At the time of sacrifice, 100 mg of the kidney in wet weight were ground, put in scaled glass tube, and then dried in oven at 105 °C for 4 h. Tissues in the scaled tubes were digested with 0.5 ml 50% (vol/vol) HNO3. Upon completion of digestion, the inorganic residues were dissolved in deionizing distillated water until 2 ml and the Cd concentration was measured using inductively coupled plasma mass spectrometry (ICP-MS; Agilent Technologies, Santa Clara, CA, USA). In addition to Cd, copper (Cu), zinc (Zn) and calcium (Ca) were measured. Concentrations are reported as nan- or micro- grams of metal per gram of dry weight (ng or μg/g).
The concentrations of blood urea nitrogen (BUN) and creatinine (Cre) in the serum were tested with ROCHE COBAS 400 full-automatic biochemistry analyzer. Kidney tissue from each rat was homogenized in 10 volumes of precooled phosphate buffered saline (pH 7.4), and the homogenate was centrifuged at 3,000 × g for 15 min to collect the supernatant for biochemical assays. Activities of superoxide dismutase (SOD) and contents of glutathione (GSH) and malondialdehyde (MDA) in the kidney were detected using corresponding commercial assay kits (Jiancheng, Nanjing, China).

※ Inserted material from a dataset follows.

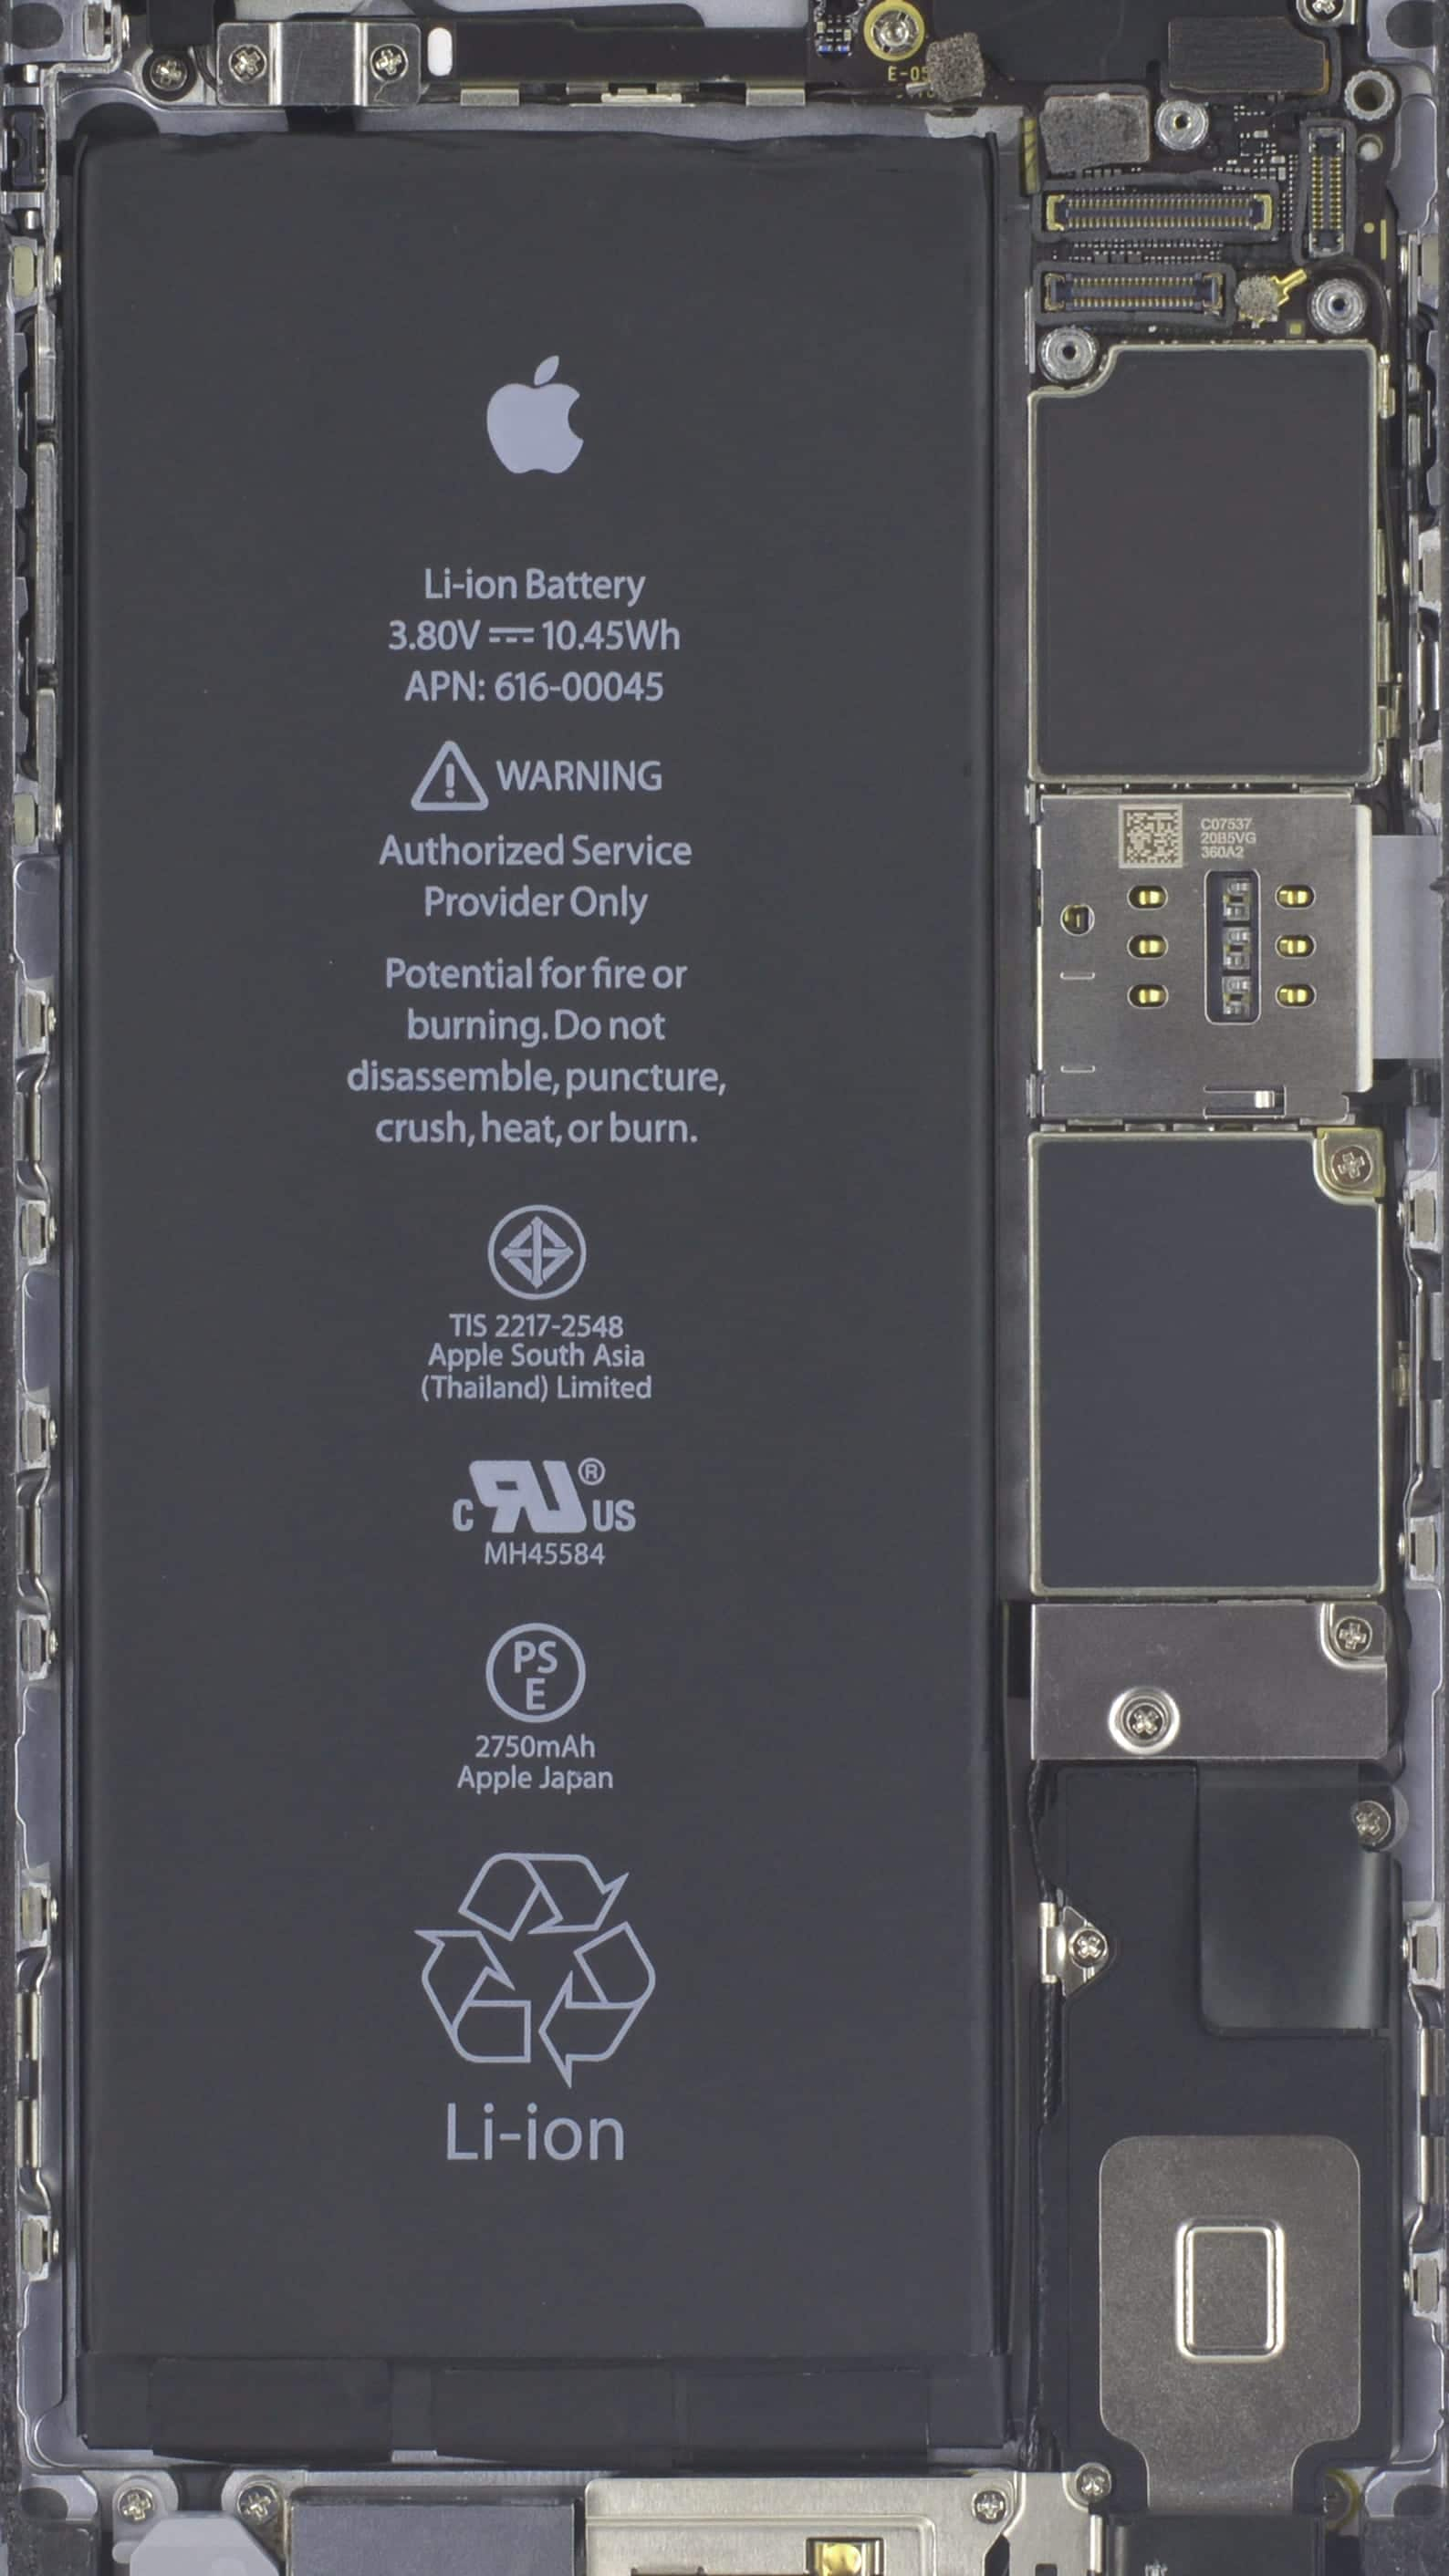 Cambia el fondo de tu iphone 7 para ver el hardware interior for Interior iphone 6

For pathological examination for Cd-induced kidney lesions, the tissue was fixed in 10% buffered formalin, embedded in paraffin, and sectioned at 4 μm. After deparaffinization, tissue sections were rehydrated and stained by hematoxylin and eosin (H&E) and periodic acid-Schiff (PAS) reagent. Pathological changes of glomeruli, renal tubules and interstitium were examined by light microscopy. All morphometric and semi-quantitative analysis were performed in a blinded manner by two investigators without knowledge of the origin of the section. Histopathology for tissues was evaluated for at least 10 randomly selected non-overlapping fields of each section. Mesangial index was assessed based on at least 20 glomeruli per kidney using computer image analysis by measuring the proportion of glomerular tuft comprised of extracellular matrix (ECM). The ratio of measured PAS-positive area (ECM) in the full glomerular area (GA) (i.e., ECM/GA) was used to indicate the magnitude of ECM accumulation as previously described (Song et al. 2004).

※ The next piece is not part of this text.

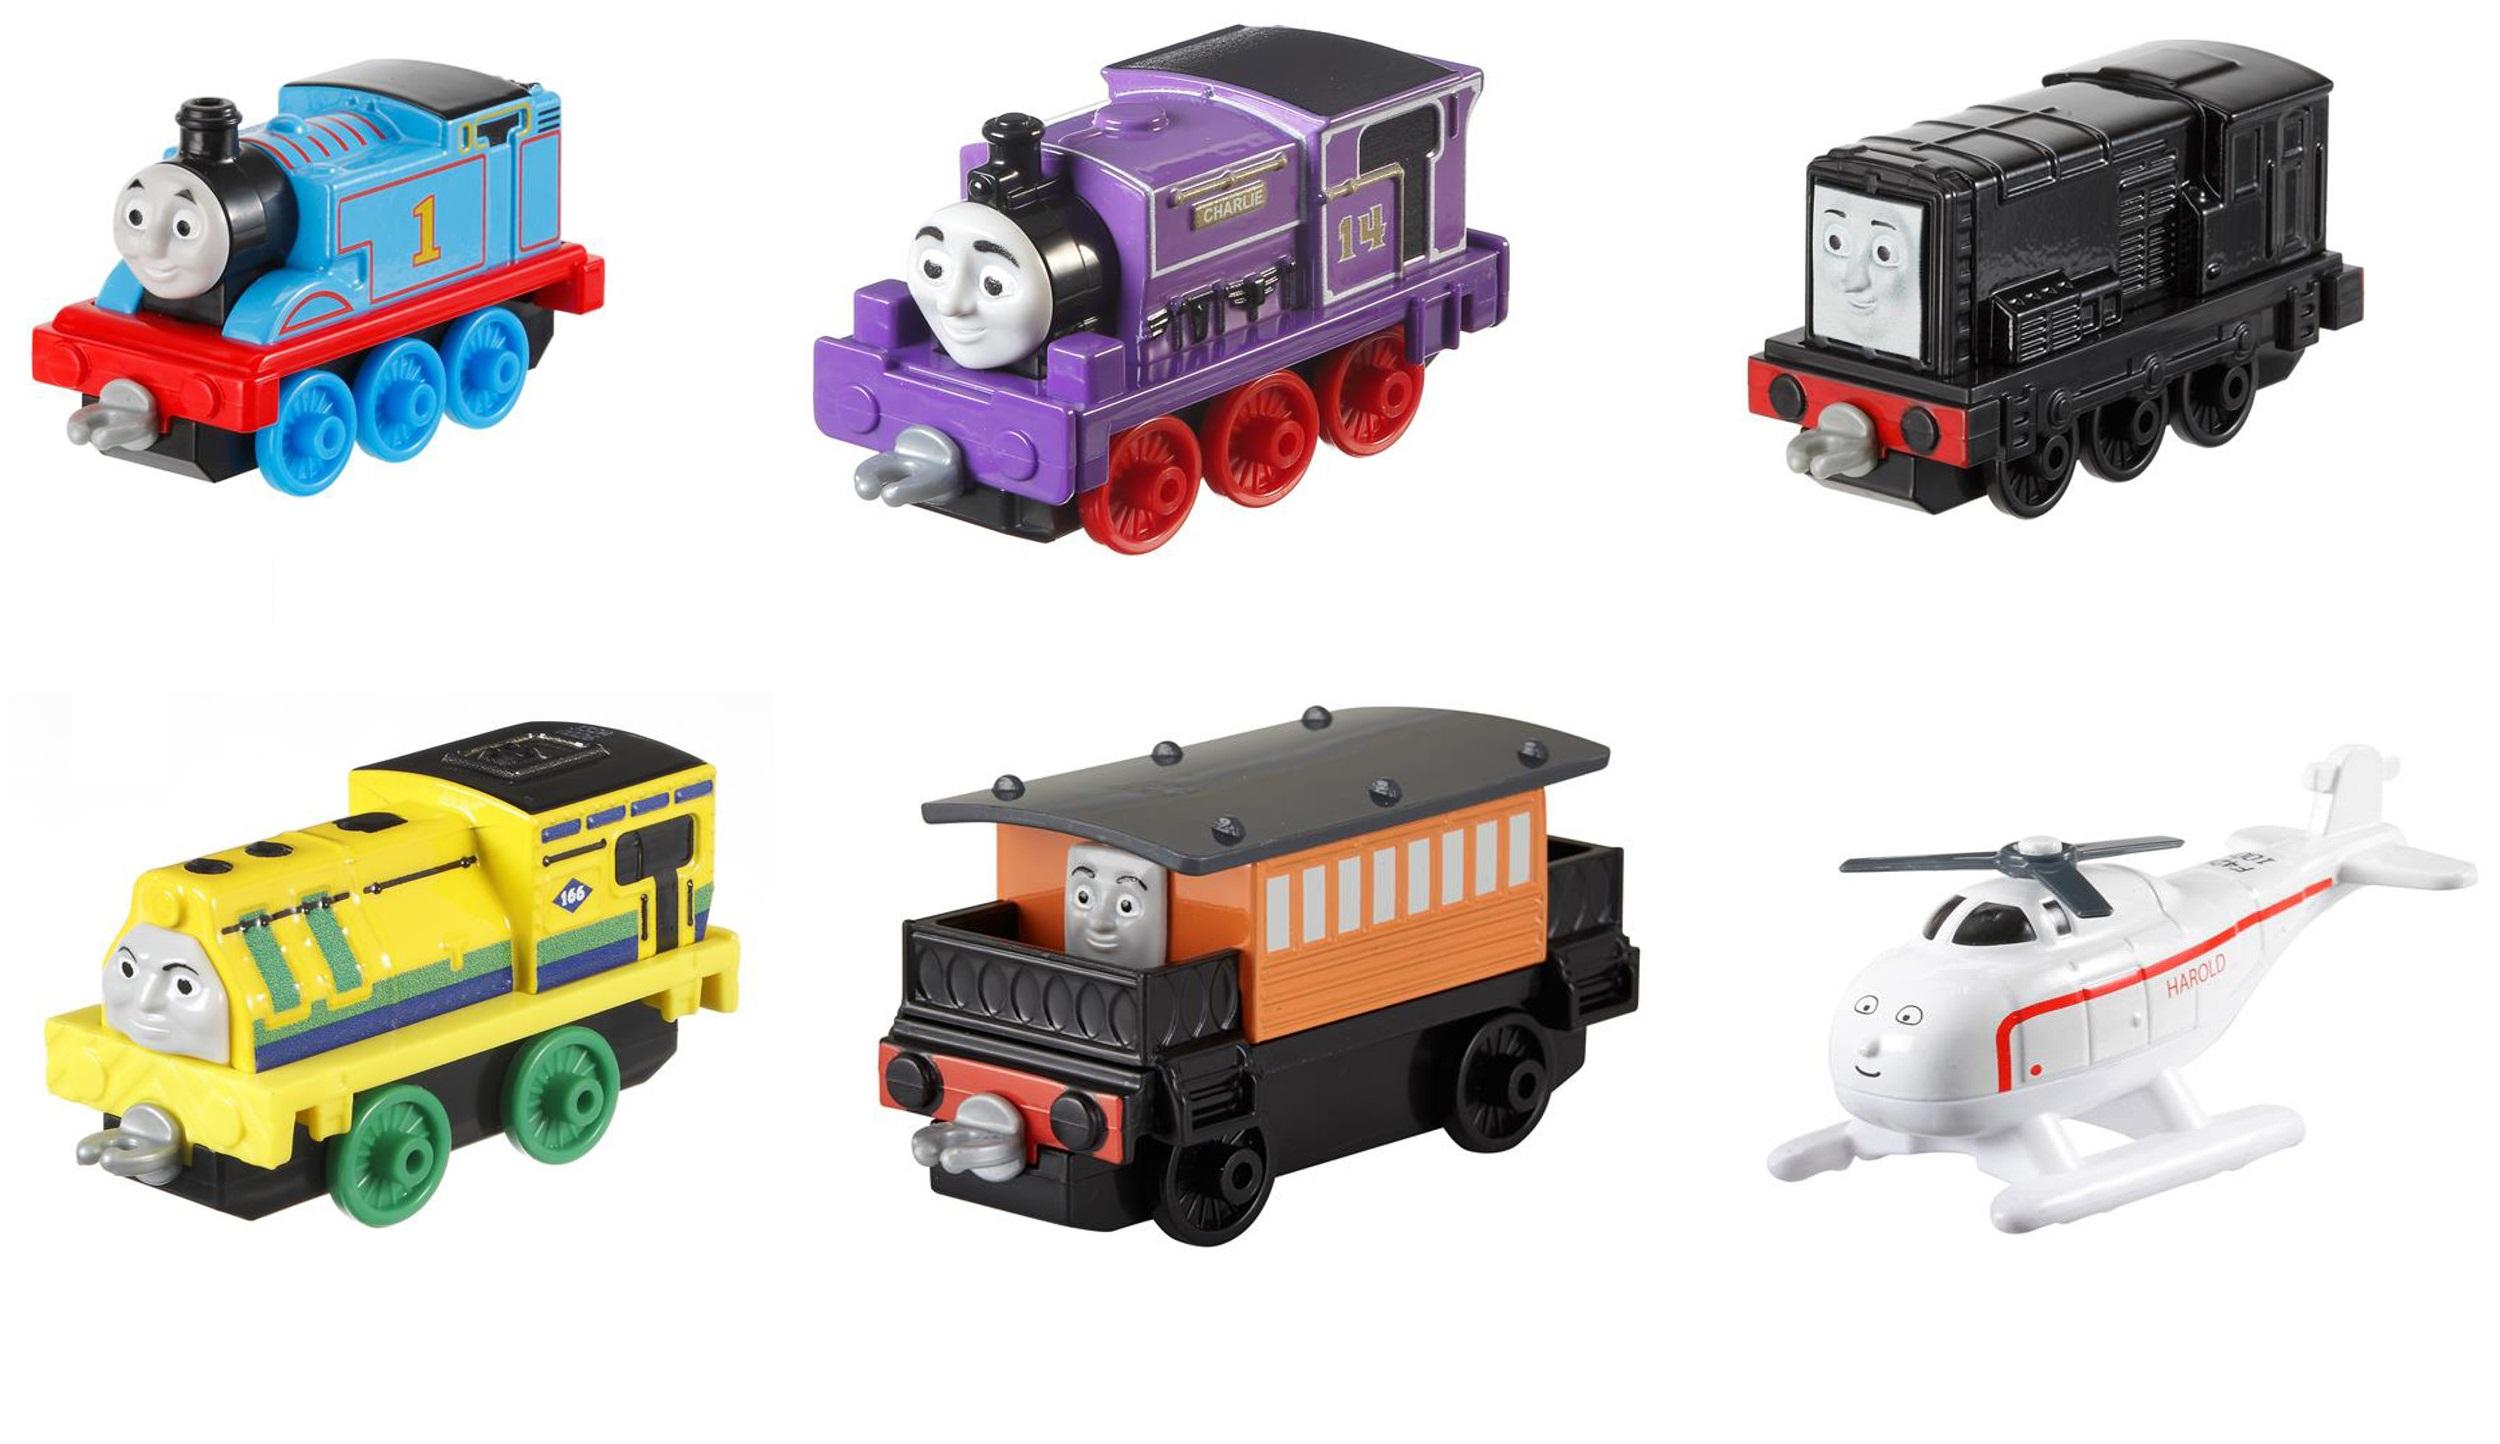 цены Наборы игрушечных железных дорог, локомотивы, вагоны Fisher Price Маленький паровозик

Serial sections at 4 μm in thickness were processed for immunohistochemical staining of proliferating cell nuclear antigen (PCNA), metallothionein (MT), and 3-nitrotyrosine (3-NT). Briefly, the sections were de-waxed in xylene and rehydrated through descending concentrations of ethanol and the endogenous peroxidases were blocked with 3 % H2O2/methanol for 15 min at 37°C. Sections were placed in a moist chamber and pre-incubated with a protein blocker solution containing 0.1 % BSA and 2 % non-immune goat serum to minimize non-specific staining. Sections were incubated for 1 h at 37 °C with the primary antibody diluted in an antibody diluting buffer (anti-PCNA antibody at 1/500 dilution, from DAKO, Carpinteria, CA, USA; anti-MT at 1/200 dilution and anti-3-NT at 1/200 dilution, both from Santa Cruz Biotechnology, Inc. CA, USA), and then with the biotinylated antibody (goat anti-rabbit IgG at 1: 300 dilution from DAKO, CA,USA) and the streptavidin-biotin-peroxidase complex (1:300 from DAKO) according to the manufacturer’s recommendation. Peroxidases were observed with 3-3′-diaminoben-zidine tetrahydrochloride (DAB) (Sigma, Chicago, USA) at room temperature as the chromogen and the sections were briefly counterstained with hematoxylin. Negative controls were prepared by using 0.1 % PBS/BSA and non-immune rabbit serum instead of the primary antibody.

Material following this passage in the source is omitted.